8. To create extra-institutionality in this way is to take opacity, inaccessibility, obscure and eccentricity not as points of didactic critique and turn them towards forms of production and explication. It is to demonstrate the obscure as they are. To bemoan inaccessibility is to return again and again to Civic District and Museum Roundtable programming as the centre of both cultural production and urbanity. In these times of watchful breathing, fewer people now travel into the city than in any other time since independence. The city is everywhere. In ‘Walk Walk Don’t Run’, our upcoming month-long islandwide open studios, you can see Malaysian waters from the vicinity of one of our friend’s studios. You can taste the sea in the air.

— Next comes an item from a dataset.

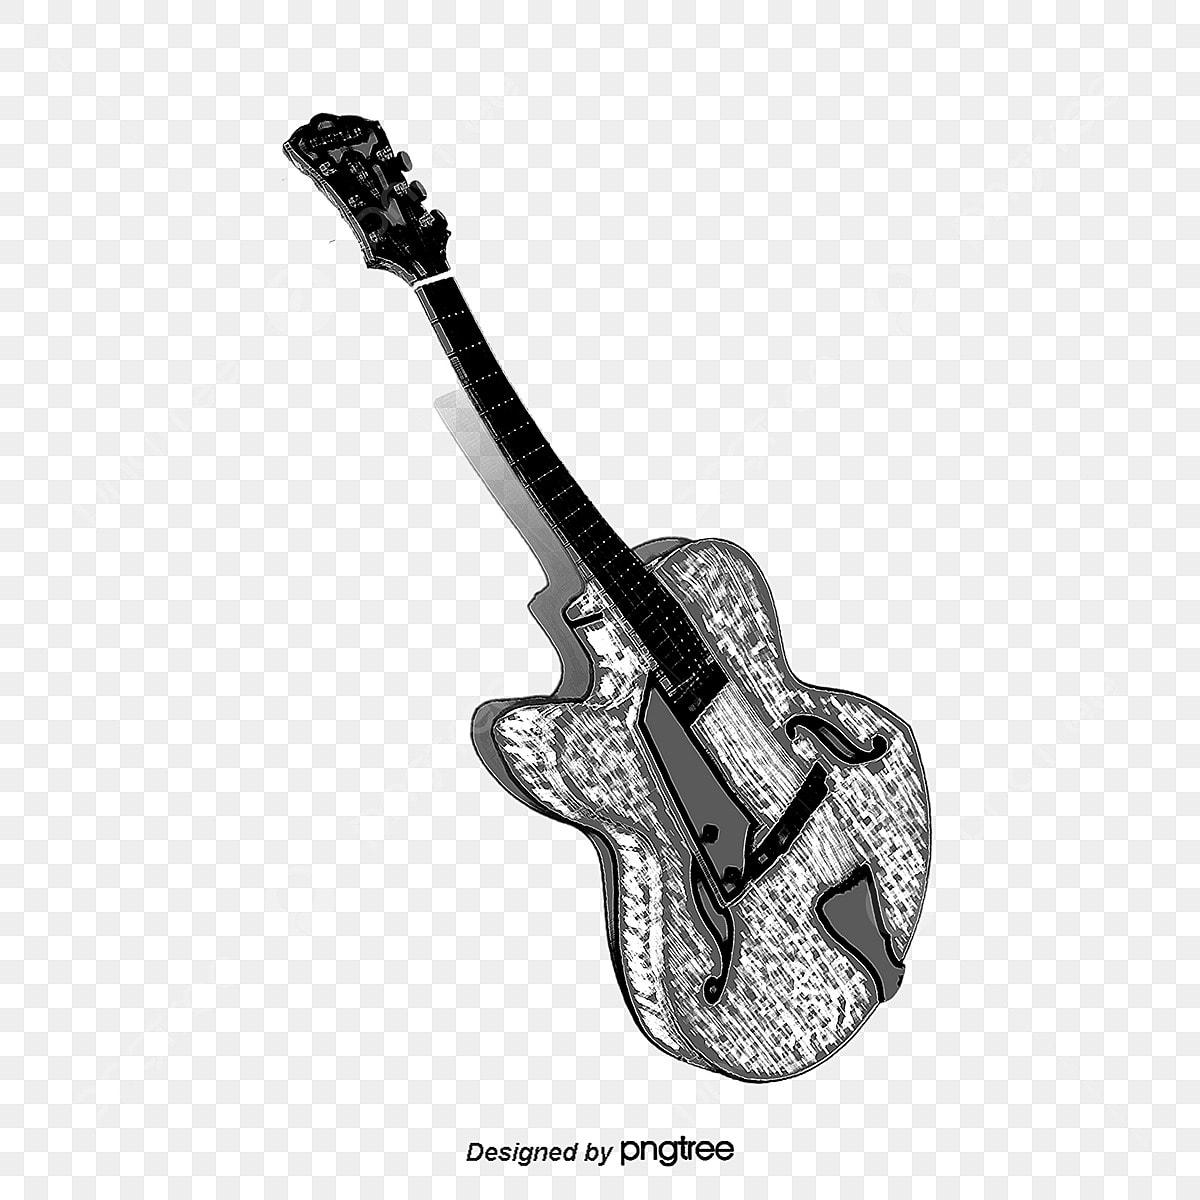 Desenho De Guitarra Guitarra Desenho De Guitarra Instrumentos

In situating his projects in the inaccessible and the obscure, the curator Nadim Samman considers the exhibition as a para-state or a parasite, a wandering-off that takes curatorial vectors away from the transnational with its categorically geopolitical demarcations towards the translocal, allowing “functional proximities” (his words) to span geographical distances. There are lessons here for me. I point out two crucial separations. First, that truant vectors free these parasites, if they are to be described as such, from host-dependence. Like protozoa that can live off the humanoid, even adapt to be entirely subsistent on their human host, they can also have utterly and entirely independent lives in other oceans, other vessels.

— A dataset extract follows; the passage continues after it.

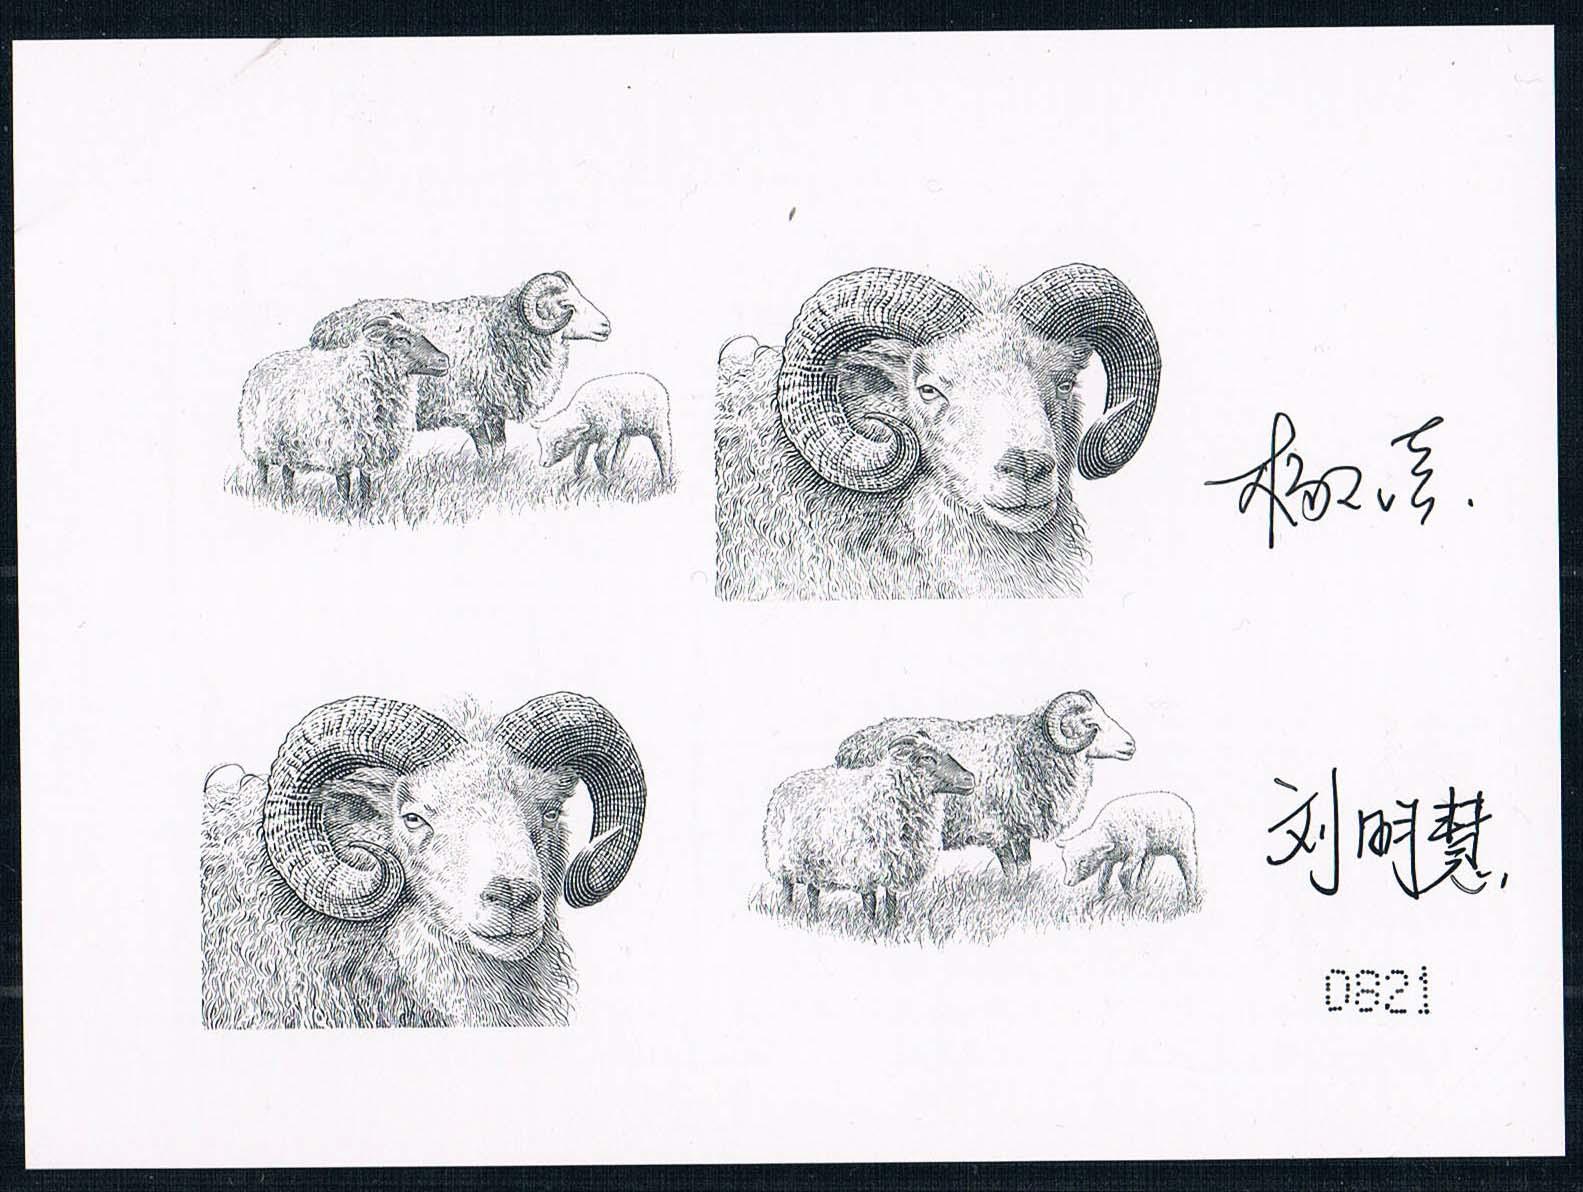 CX0429 islands 2014 years Yiwei Zodiac sheep engraver signature print 1 new explanation 1201 робот zodiac ov3400

9. Second, that a disidentification exists between parasite and host, beginning with a dissimilation (“we are not the same”) that pushes against an encroaching assimilation (“we cannot be together”). A year ago, a museum leadership once gathered other museum professionals as well as a handful of non-museum folks in generating keywords for everything a museum could envision itself in Singapore’s “museum landscape”: a public square, a forum, a residency, a laboratory, a classroom, an archive, a collection. In other words, an everything-in ark holding all that in the great and coming deluge, the outside-museum becomes bereft of. No, we are not the same. The disidentification is a breaking away through which the fragments are read as they are, not for the whole. The Greek word for pottery shards with inscriptions or poetry fragments is ostracon. Think of the proximity between the words ostracon and ostracise. These are the pieces of the possible. We are the ostracons.

10. There is something to be said for incompleteness. I do not have allthe answers. I am given only so much space, and time, so it ends here.